As defined by Bourdieu, symbolic capital is a ‘capital insofar as it is represented, i.e., apprehended symbolically, in a relationship of knowledge or, more precisely, of misrecognition and recognition, presupposes the intervention of the habitus, as a socially constituted cognitive capacity’ (Bourdieu). In other words, symbolic capital determines an individual’s capability and extent of recognition within the social group to which they belong.
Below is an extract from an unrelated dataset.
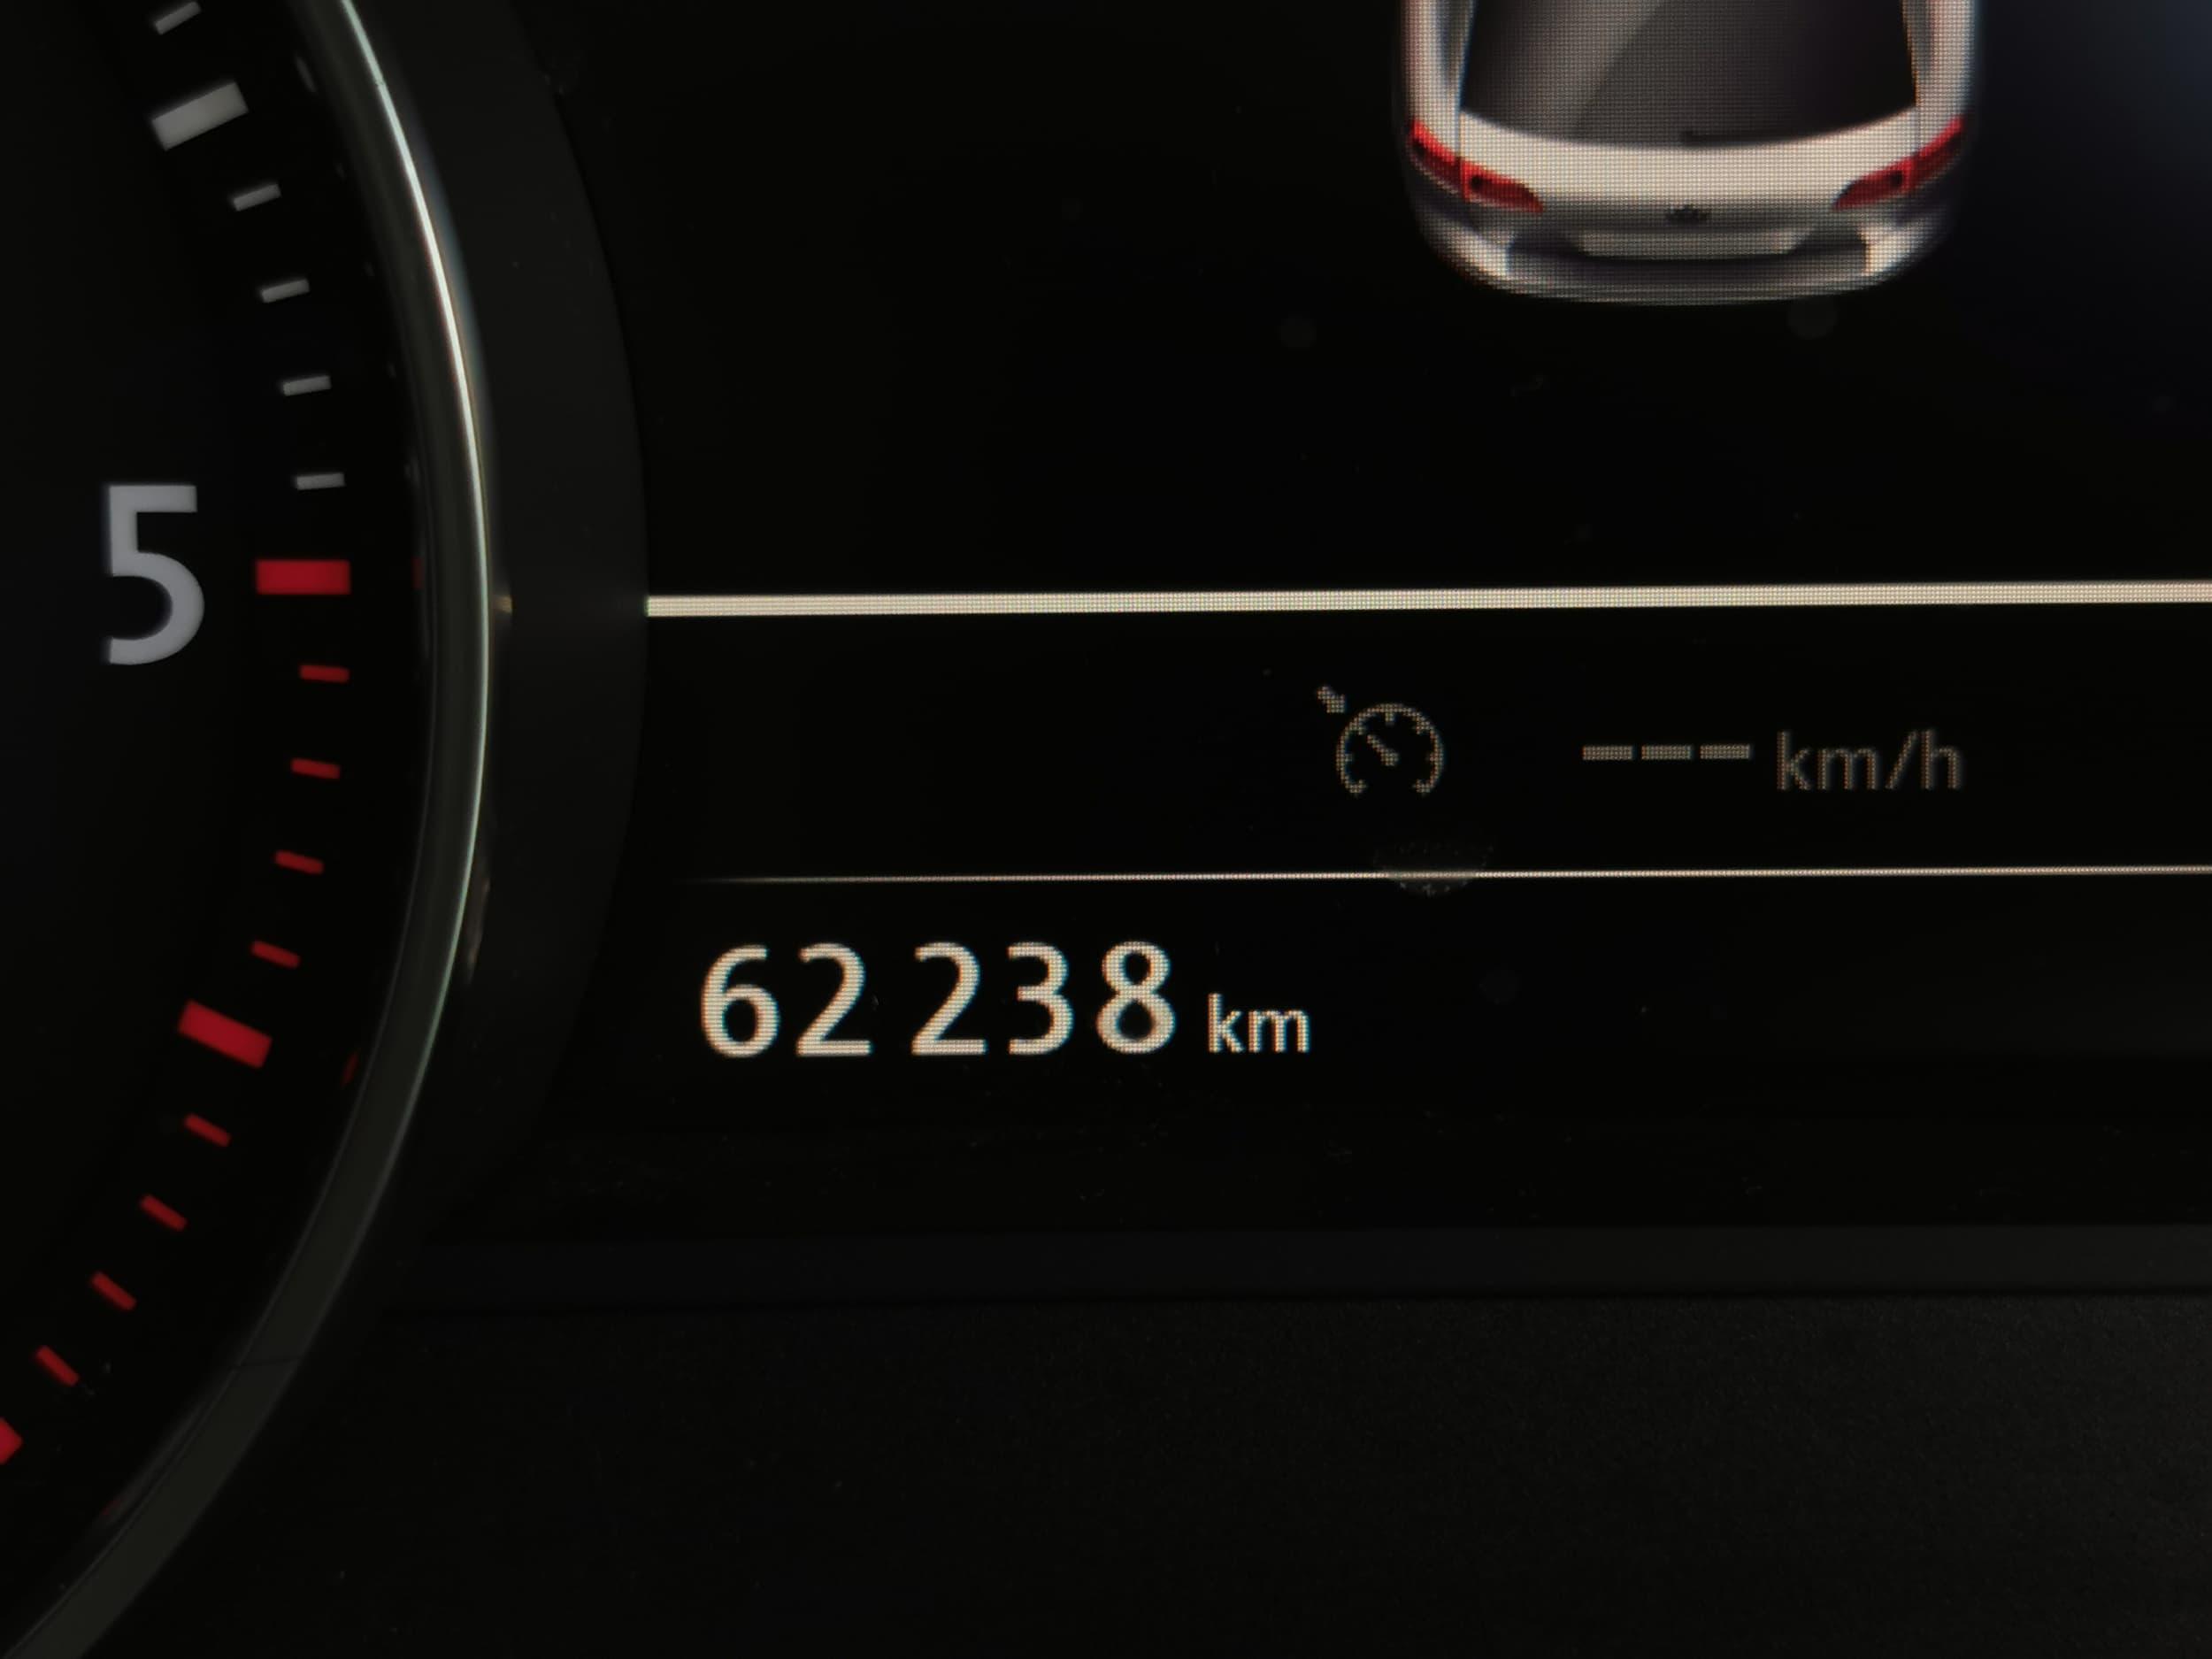 2015 Volkswagen Touareg V6 TDI 7P Auto 4MOTION MY16 - image 9

Since Bourdieu first formulated his theory, the notions of ‘habitus’, ‘field’, ‘capital (economic, cultural, social symbolic)’, et cetera, have been used to explain a student’s educational performance, such as Chinese educational sociologist Xiaoying Lin has looked at the disparities between urban and rural education in China and how students are affected within the ‘fields’ of different cultures (Lin).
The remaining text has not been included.